Quantum cryptography~\footnote{
In view of the many superb presentations of quantum cryptography
--- to name but a few, see Refs.~\cite{gisin-qc-rmp,arXiv:0802.4155} and
\cite[Chapter~6]{mermin-04} (or, alternatively, \cite[Section 6.2]{mermin-07}),
as well as
\cite[Section~12.6]{nielsen-book};
apologies to other authors for this incomplete, subjective collection
---
I refrain from any extensive introduction.
}
uses quantum resources to encode plain symbols forming some message.
Thereby, the security of the code against cryptanalytic attacks to recover
that message rests upon the validity of physics, giving new and direct meaning to
Landauer's dictum~\cite{landauer} ``information is physical.''
What exactly are those quantum resources on which quantum cryptography is based upon?
Consider, for a start, the following qualities of quantized systems:
\renewcommand{\labelenumi}{(\roman{enumi})}
\begin{enumerate}
\item
randomness of certain individual events,
such as the occurrence of certain measurement outcomes
for states which are in a superposition of eigenstates
associated with eigenvalues corresponding to these outcomes;
\item
complementarity, as proposed by Pauli, Heisenberg and Bohr;
\item
value indefiniteness, as attested by Bell, Kochen \& Specker, Greenberger, Horne and Zeilinger, Pitowsky and others~\cite{2012-incomput-proofsCJ,PhysRevA.89.032109}
(often, this property is referred to as ``contextuality''~\cite{bohr-1949,bell-66,redhead}.

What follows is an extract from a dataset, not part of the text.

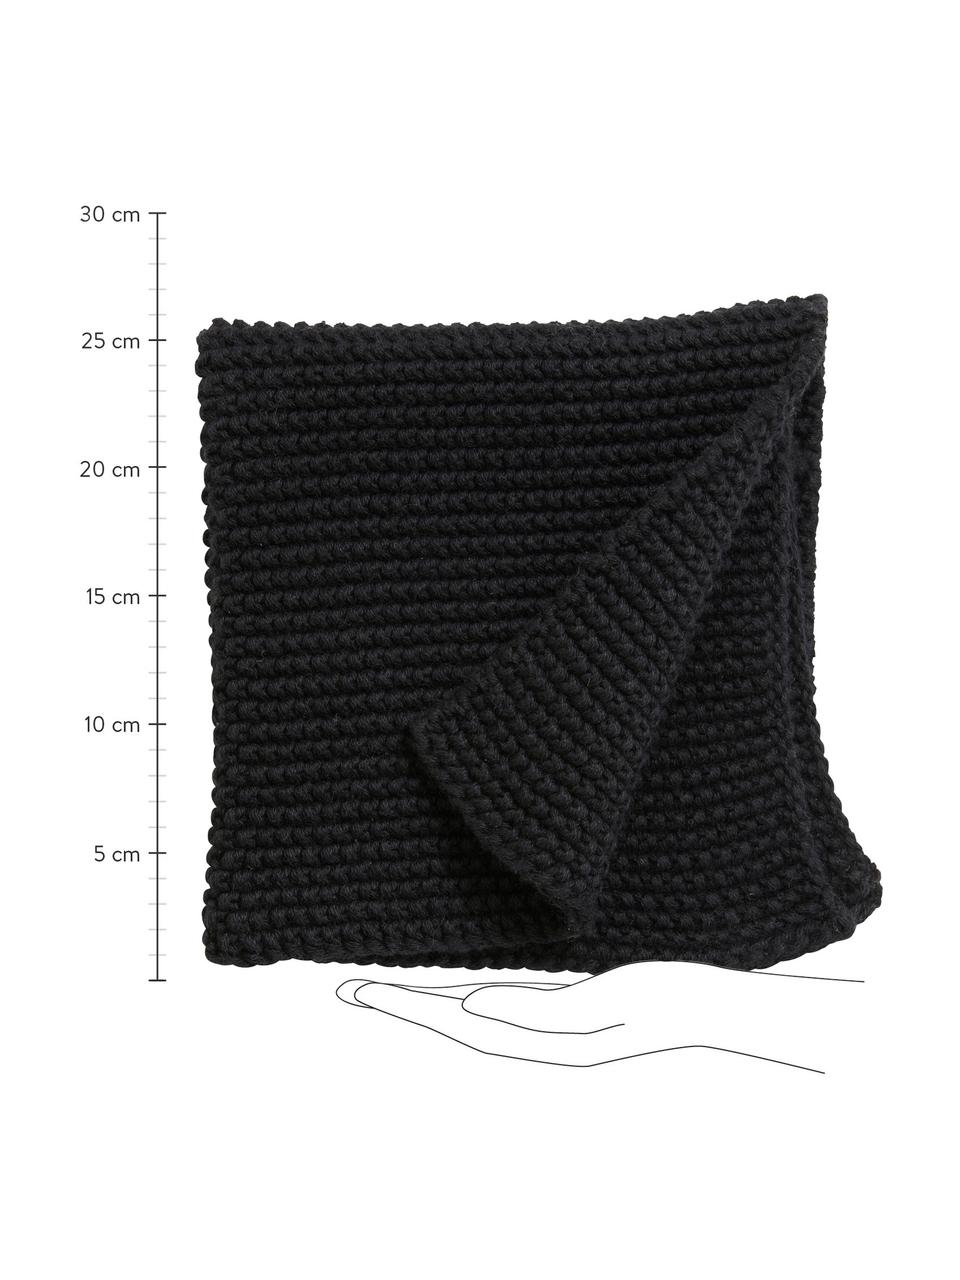 Gestrickte Spültücher Merga aus Bio-Baumwolle, 6 Stück, 100% aus GOTS-zertifizierter Bio-Baumwolle, Schwarz, 27 x 27 cm

Alas, contextual truth assignments
are just one possibility among others to cope with the theorems mentioned,
thereby providing a particular quasi-realistic, but not necessarily the only possible, ``solution'' or ``interpretation'' of those theorems~\cite{svozil-2008-ql});
\item
interference and quantum parallelism, allowing the co-representation of classically contradicting states of information
by a coherent superposition thereof;
\item
entanglement of two or more particles,
as pointed out by Schr\"odinger, such that their state cannot be represented
as the product of states of the isolated, individual quanta,
but is rather defined by the {\em joint} or {\em relative} properties of the quanta involved.
\end{enumerate}
The first quantum cryptographic protocols, such as the ones by Wiesner~\cite{wiesner} and
Bennett \& Brassard~\cite{benn-84,benn-92},
just require complementarity and random individual outcomes.

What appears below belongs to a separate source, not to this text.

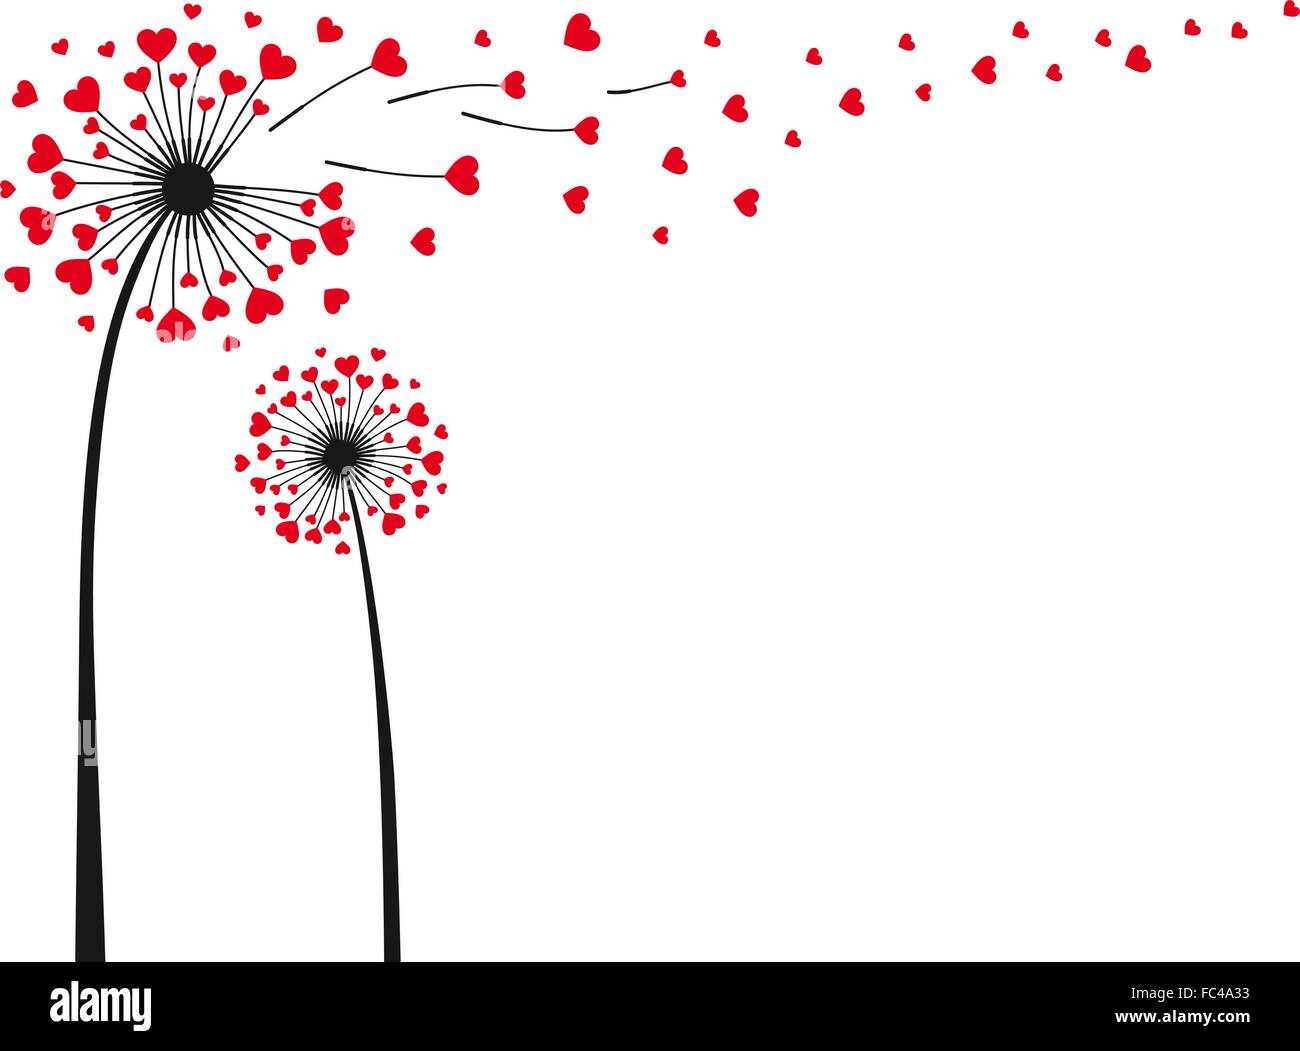 Liebe liegt in der Luft, Löwenzahn mit fliegenden rote Herzen, Vektor-illustration Stock Vektor

It may well be that a different quantum cryptographic scheme that uses stronger or additional powers provided by quantum theory,
such as value indefiniteness (or, by another term, contextuality) manifesting itself
in Bell- or Kochen-Specker type theorems~\cite{specker-60,kochen1,ZirlSchl-65,Alda,Alda2,kamber64,kamber65,mermin-93,pitowsky:218,hru-pit-2003},
will provide an advantage over these former protocols.
Even nowadays it is seldom acknowledged that,
when it comes to value definiteness, there definitely {\em is} a difference between
two- and three-dimensional Hilbert space.
This difference can probably be best explained in terms of (conjugate) bases:
whereas different bases in two-dimensional Hilbert space are disjoint and totally separated
(they do not share any vector),
from three dimensions onwards, they may share common elements.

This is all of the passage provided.